Agent override. If an agent_config row exists for (override_service = "llmproxy", name = key, agent_id), it is returned.
Org fallback. Otherwise, the org-level service_config row (if any) is returned.
Platform fallback. Otherwise, the platform-level service_config row (if any) is returned.
Code default. Otherwise, the built-in default registered by the llmproxy process.

Locked Floors

Setting locked: true on a platform or org service_config row prevents the agent scope from overriding that key. Use it when you need a value enforced across every agent in the scope and below.

For policy values whose own JSON shape supports merging (for example, pattern lists), the resolver currently returns the winning row’s value as-is - there is no automatic append/merge across scopes. If you need platform baselines plus org additions, keep the baselines at platform scope and avoid setting the same key at org scope, or express the union explicitly in the higher-scope value.

Caching

Resolved policies are cached for 30 seconds per (orgID, agentID) pair.
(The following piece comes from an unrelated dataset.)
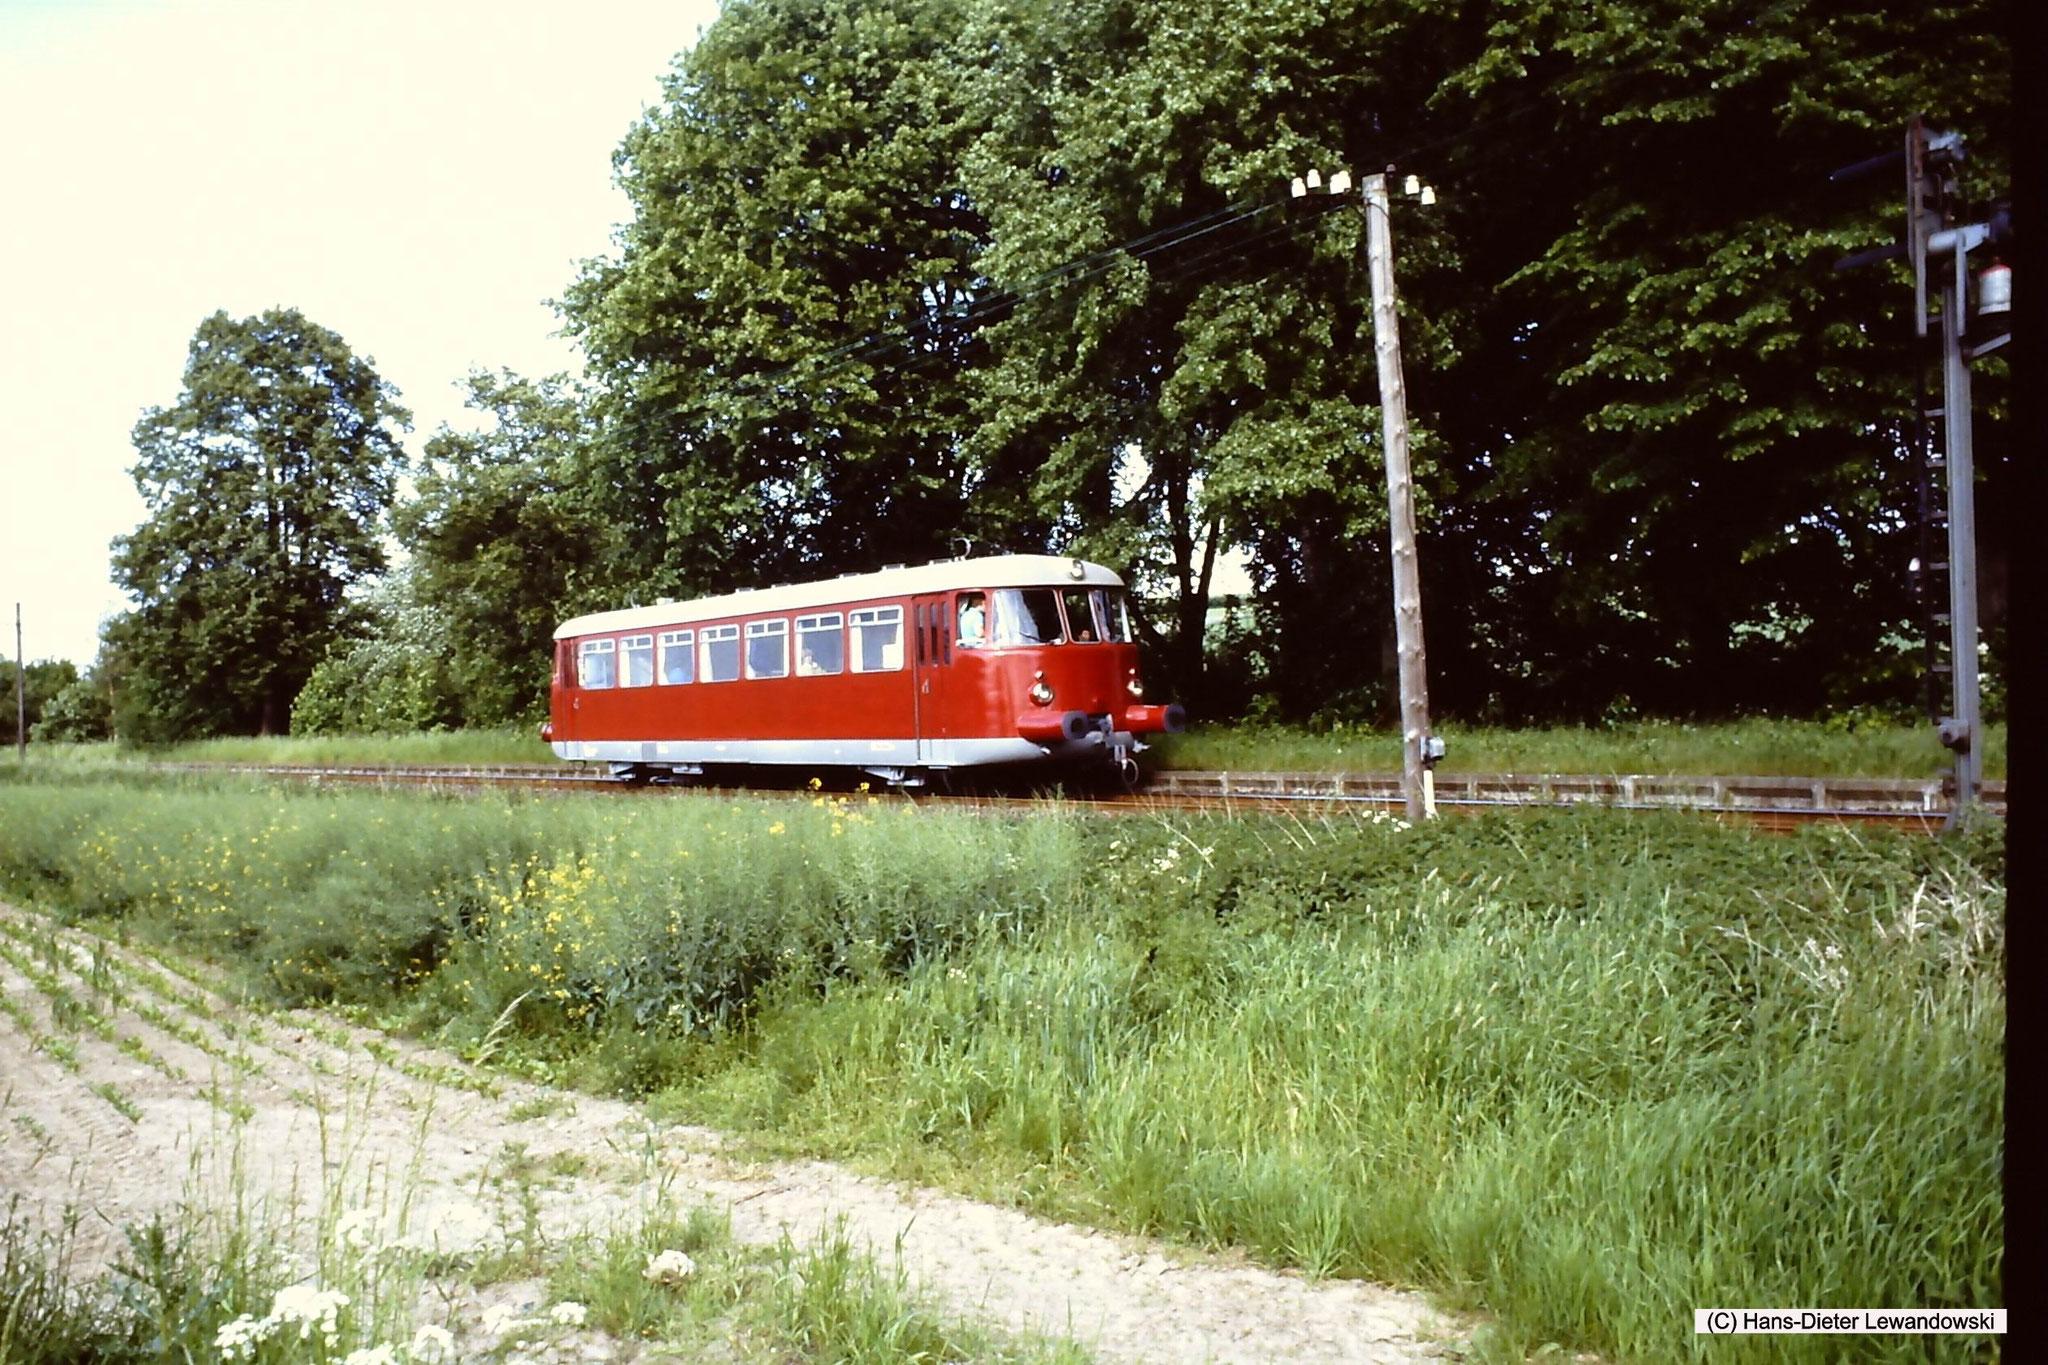 Haltepunkt Wohldenberg mit MAN - VT 1 der Dampflok-Gemeinschaft 41 096 e.V.

Changes to policy take effect within 30 seconds without proxy restarts.

Inert by Default

The pipeline is constructed unconditionally whenever the proxy has a database connection, but it is inert until policy is written. With no model_policy, content_inspection, or sidecar_inspection key set at any tier for an org/agent, the proxy builds an empty inspector list and request/response inspection is a no-op - zero behavioral change. This makes enabling inspection safe-by-default: nothing happens until an operator authors policy via the keys below.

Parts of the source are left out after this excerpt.